If Mayor Barberio and his administration had smartly conformed to the regional plan in 2010 rather than allowed John Inglesino to suspend conformance and then remove Parsippany completely in June 2014, all for false reasons, which have been exposed and made available to the public. The Mayor nor any council-member at the time performed any due-diligence in seeing through Inglesino’s deliberate disinformation. In short Barberio and others should be supporting Ben Spinelli’s efforts to temper the developers in their unrealistic attempts to continue their endless and unsustainable continued building that brings minimum affordable and maximum market will bare.
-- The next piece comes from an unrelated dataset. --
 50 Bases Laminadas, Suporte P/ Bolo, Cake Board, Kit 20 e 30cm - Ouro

Municipalities need to become allies of the “Affordable Housing Reform Act”, not go off on their own at this late date, and waste more tax dollars.
It was because former Governor Christie allowed the Housing Issue to be passed to developers remedy that we are in this situation, Barberio and others should of started back then resisting this unwise move, and demanded developers stay with State Planning and Smart Growth perimeters. Apparently Barberio is still alienated, and out of touch with the reality of the situation, and promotes fear, rather than pragmatic actual solutions that are already in play. (Waterview remains the greatest failure of Barberio’s misguided fear tactics that favored unwise development, when open space was extremely possible. He betrayed his entrusted community after the No Rezone outcome) (Inglesino should be banned from practicing law in Parsippany).
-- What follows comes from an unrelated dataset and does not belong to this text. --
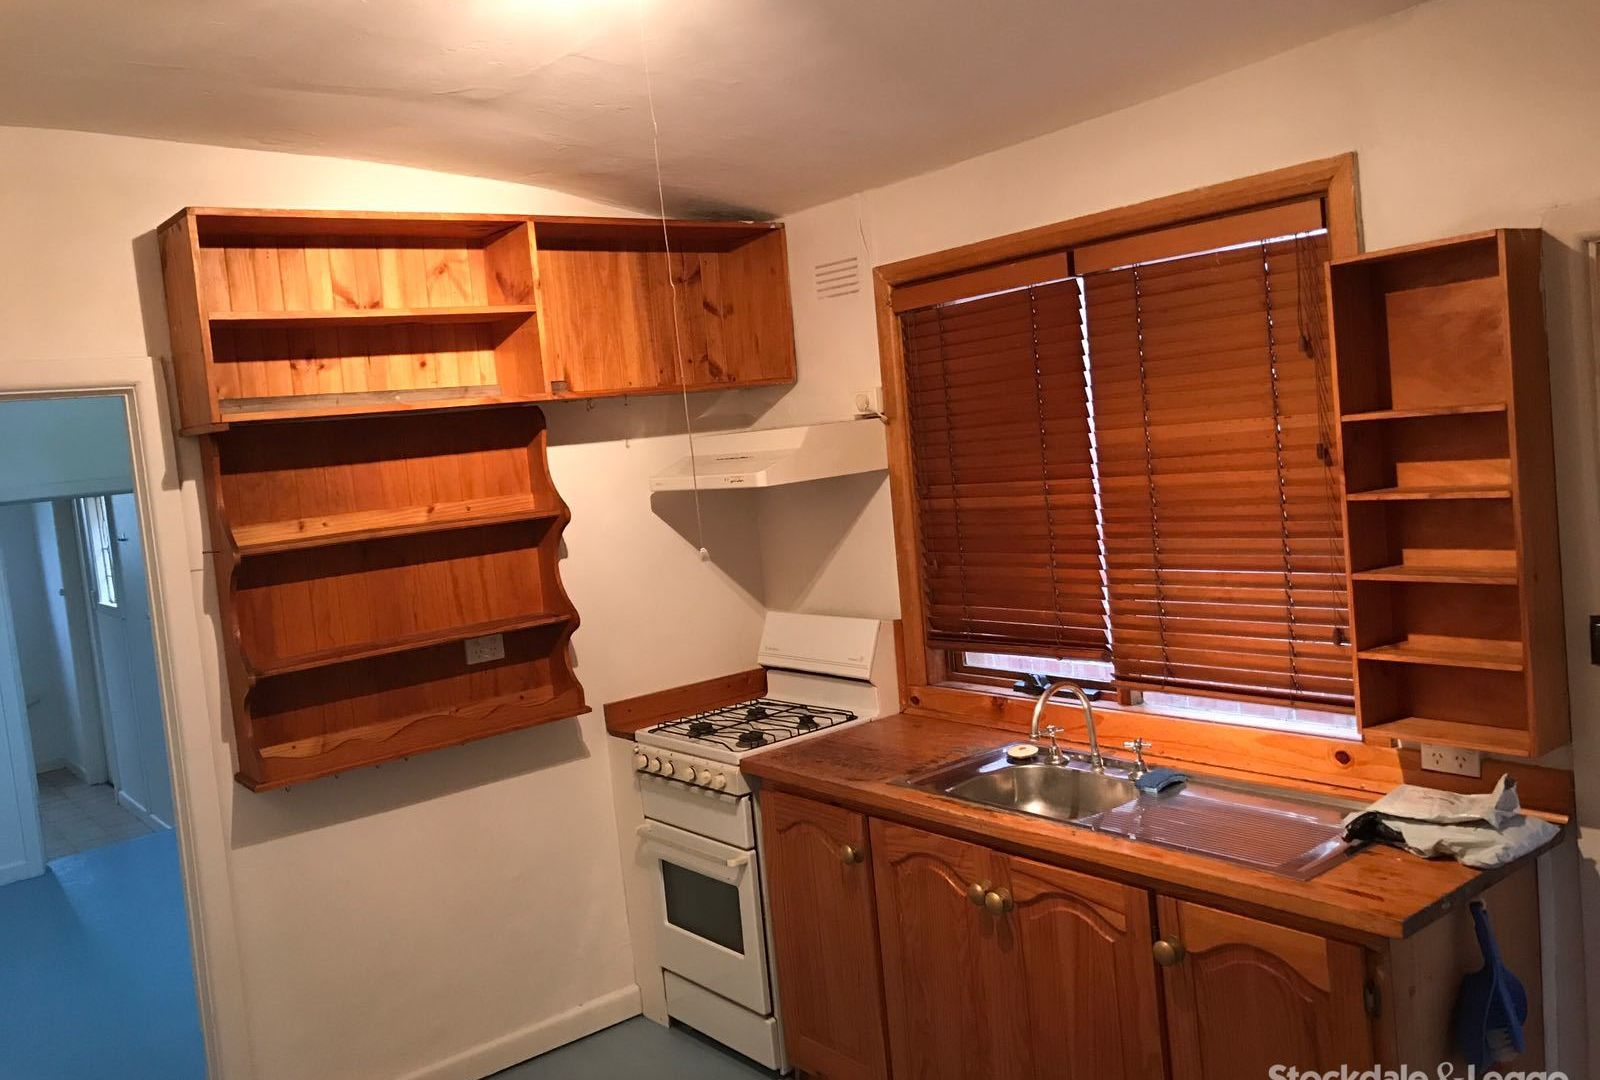 27 ALEXANDRA PARADE, Collingwood VIC 3066, Image 2

See below 2-recent correspondence on the AH in the Highlands from Coalition:
Affordable Housing Reform Act what we should be supporting not a Barberio & Company Lawsuit. Nick, your concern is well founded and you are not alone in harboring that concern. Ben Spinelli has trumpeted the fact that the market rate units needed to in order to meet the number of required affordable units will far exceed the carrying capacity of the Highlands. There is no magic wand that will resolve this conflict. However, the reason we succeeded in amending the recent Affordable Housing Reform Act, which finally recognized the need to limit growth in the Highlands, was because of the impacts to the Highlands resources if numbers assigned by the state applied in the Highlands.
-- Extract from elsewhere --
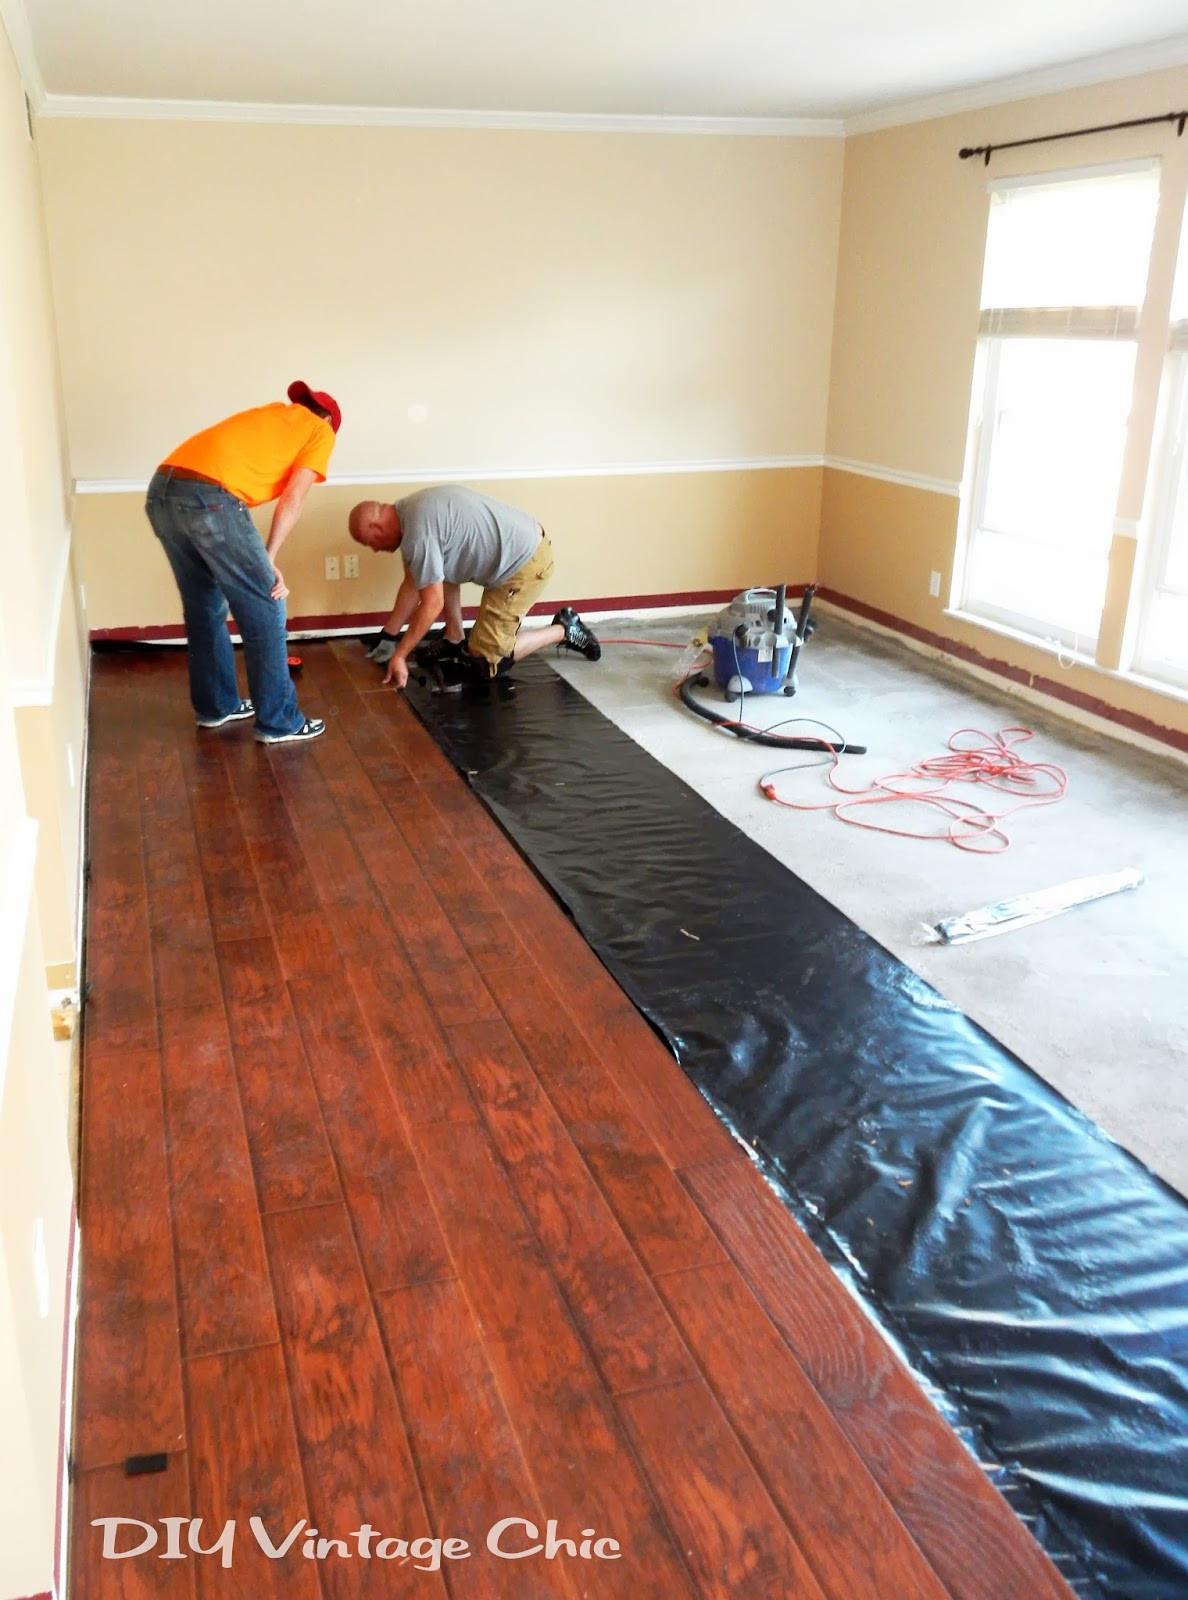 Best ideas about DIY Wood Floor . Save or Pin DIY Vintage Chic DIY Laminate Flooring Now.

Parsippany has been built out already and has the highest water deficit in the Highlands.
The document is the Highlands Municipal Build Out Report, which was provided for each Highlands municipality back in 2008. For the Fourth Round AH numbers, they are being updated to reflect on-the -ground changes and recent changes in the Land Use Capability Map (LUCM) Zones. However, the build out reports do not consider Designated Highlands Redevelopment Zones, which cannot be calculated because Redevelopment Zones allow for flexibility from the LUCM zone mapping (although all Highlands resources within a Redevelopment Zone must be identified and avoided, and if disturbed, mitigated under a policy of no-net-loss to Highlands resources). The extent of the designations within a municipality are not known because they are designated over time and since each is evaluated during the designation process, the amount of development (as redevelopment) is unknown until the designation is made. Parsippany is an interesting outlier because most of the development in the town, due to the extent that the town is developed, will be redevelopment. It would be safe to assume that Parsippany has the greatest percentage of impervious cover in the Highlands.
Are warehouses increasing our housing demand? Barberio never thought of this, only tax ratables, then allows PILOTSThe warehouses, or any commercial development, increase the municipal affordable housing obligation factoring the anticipated number of new employees. I don’t know what the ratio is, but it is a factor. So, not only is the commercial development (e.g. warehouse) not affordable housing, but it increases the obligation, expanding the unmet need.